BEIJING — China’s central bank has drained liquidity from the market for three consecutive weeks, as demand for funds fall after the Lunar New Year holiday.
The People’s Bank of China (PBOC) withdrew 625 billion yuan ($90.84 billion) from the market from Feb 6 through Feb 10, up from 70 billion yuan last week.
The central bank skipped open market operations for the sixth straight session on Feb 10, citing a “relatively high level” of liquidity in the banking system.
It is standard practice for the PBOC to inject large amounts of liquidity into the banking system ahead of the Lunar New Year holiday when demand for funds surges, and to drain liquidity after the holiday as demand falls, according to Wen Bin, an analyst at China Minsheng Banking Corporation.
The liquidity withdrawal reinforces the view that the country is moving to a tighter policy as the economy shows signs of steadying.
China reported 6.7 percent economic growth in 2016, lower than in recent years but within the target range.

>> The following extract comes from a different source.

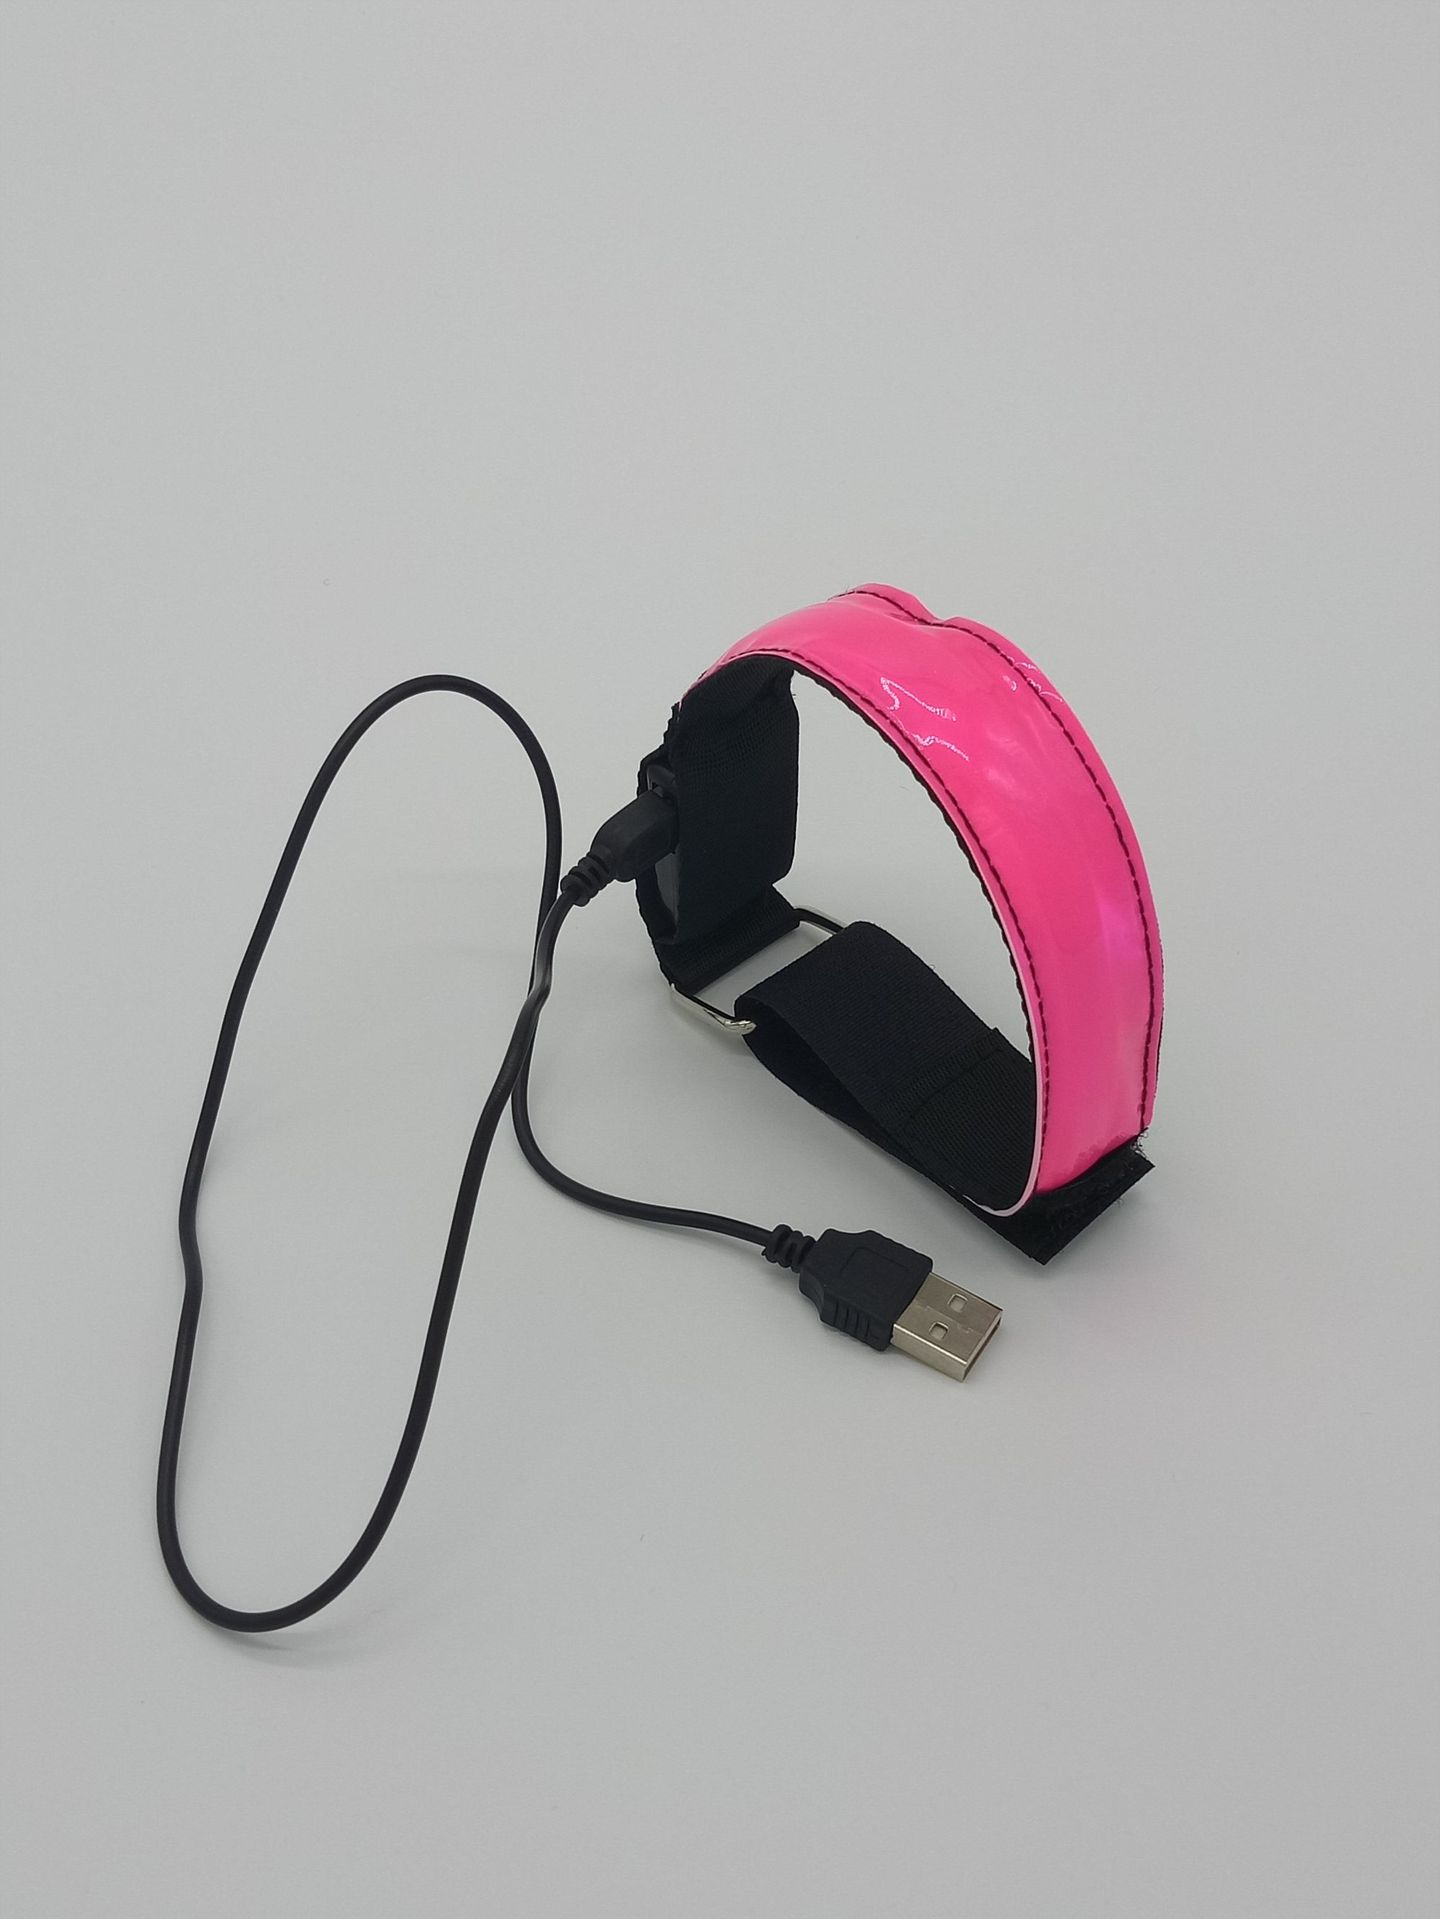 Brazalete Luminoso LED con Carga USB

Last week, the PBOC unexpectedly raised lending rates on its standing lending facility short-term loans and the interest rate on open market operation reverse repos, showing that the authorities are committed to containing capital outflows and reining in financial risk.
However, analysts do not expect the central bank to rush to raise its benchmark lending rate any time soon.
China’s monetary policy in 2017 is set to be “prudent and neutral,” keeping appropriate liquidity levels but avoiding excessive liquidity injections.